SAPOA has called on the government to take urgent action to address the failures at the municipal level, particularly in areas such as infrastructure maintenance and service delivery. Without intervention, Gopal warned, the sector’s fragile recovery could be derailed, and investor confidence could continue to decline.

“We need a more responsive government that can deliver the necessary reforms at the local level,” Gopal said. “If we get this right, we can expect an improvement across all sectors of the economy, and the property market will begin to show sustainable growth.”

SAPOA said the sector has had a very difficult past few years with the impact of the COVID-19 pandemic, followed by the July 2021 riots, a lack of economic growth, continuous load shedding (which has now slowed), inflation, high interest rates and global tensions.

The organisation said given the above, the sector is starting to show positive signs. It added that where municipalities have failed with regards to service delivery, some of these functions have been privatised.

Gopal said they were appealing to the government to resolve the devastation of infrastructure at local government level; to intervene where necessary to financially stabilise dysfunctional municipalities; and cut red tape and the current over regulation of the economy and the sector.
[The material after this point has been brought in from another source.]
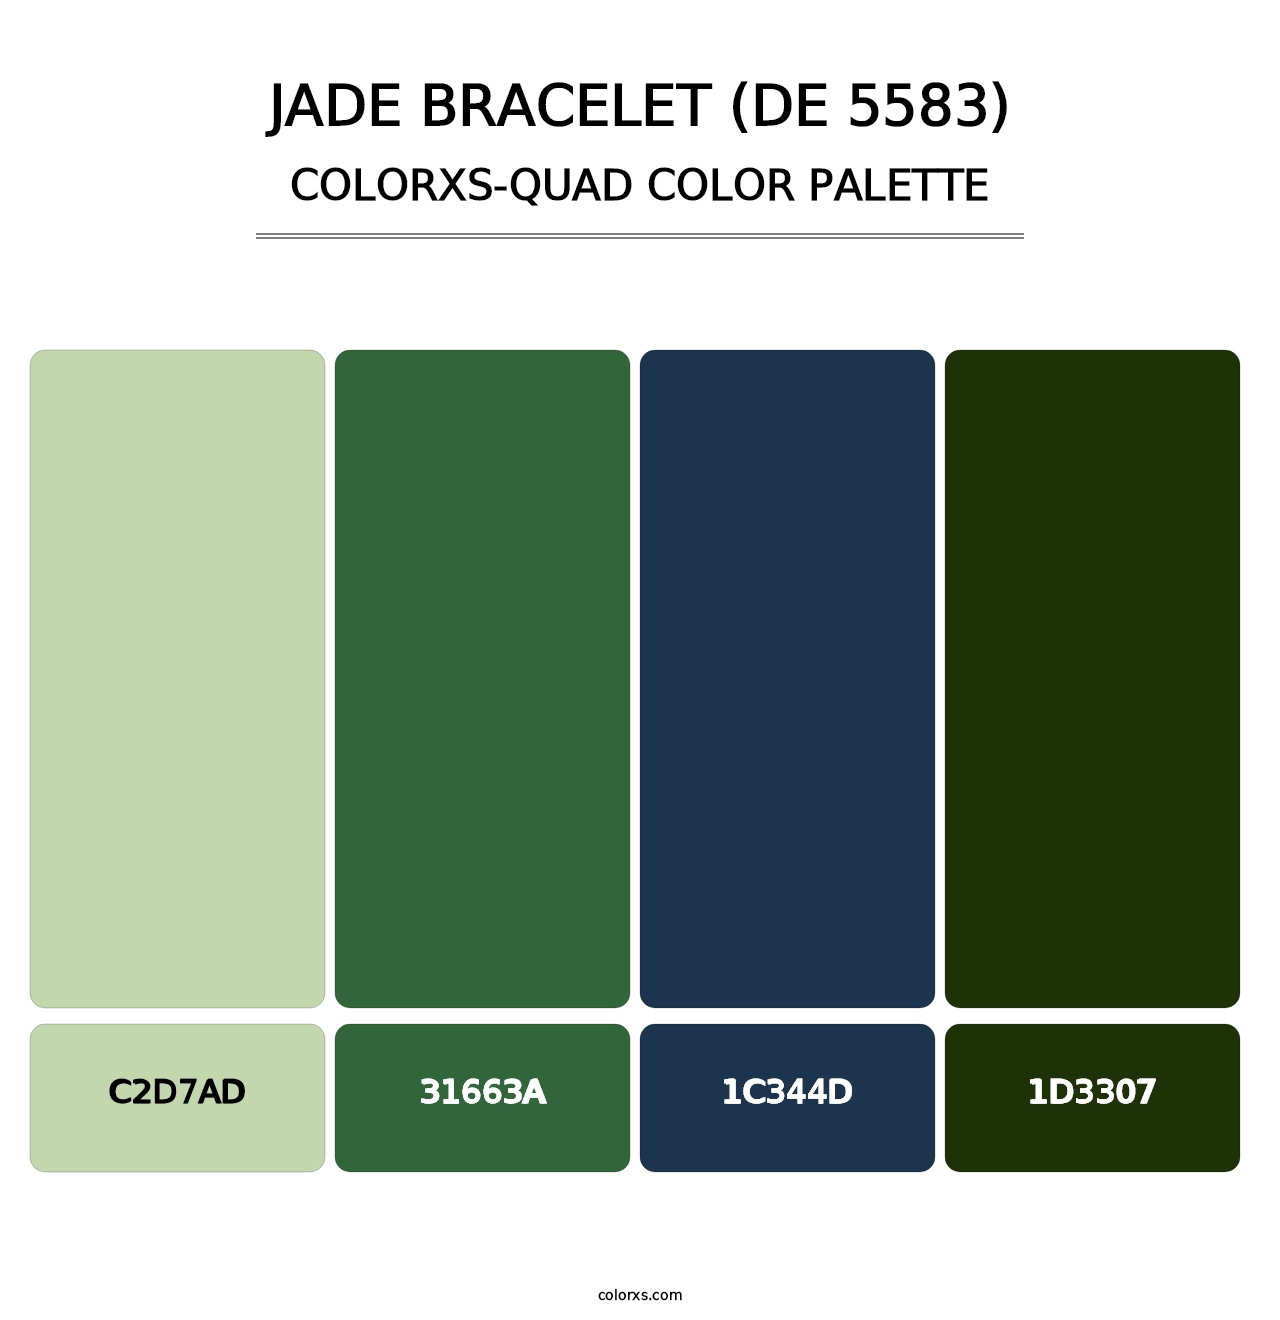 Jade Bracelet (DE 5583) - Colorxs Quad Palette

“Our hope is that the government of national unity(GNU) starts showing positive signs and that we start seeing the benefits asap. Positive sentiment with the GNU and concrete outcomes will be better for the country’s growth prospects. Fundamentals will continue to improve across all sectors if we can get this right. Declining bond yields and further interest rate cuts will also be positive for the economy and the sector.”

Asked about the risks to the sector, SAPOA the biggest currently facing Gauteng is the water crisis and the near collapse of the City of Johannesburg. It added that the continued degradation of infrastructure is a major concern amongst investors and citizens.

“The failure of the GNU is another risk to the economy and the unemployment numbers are very worrying.”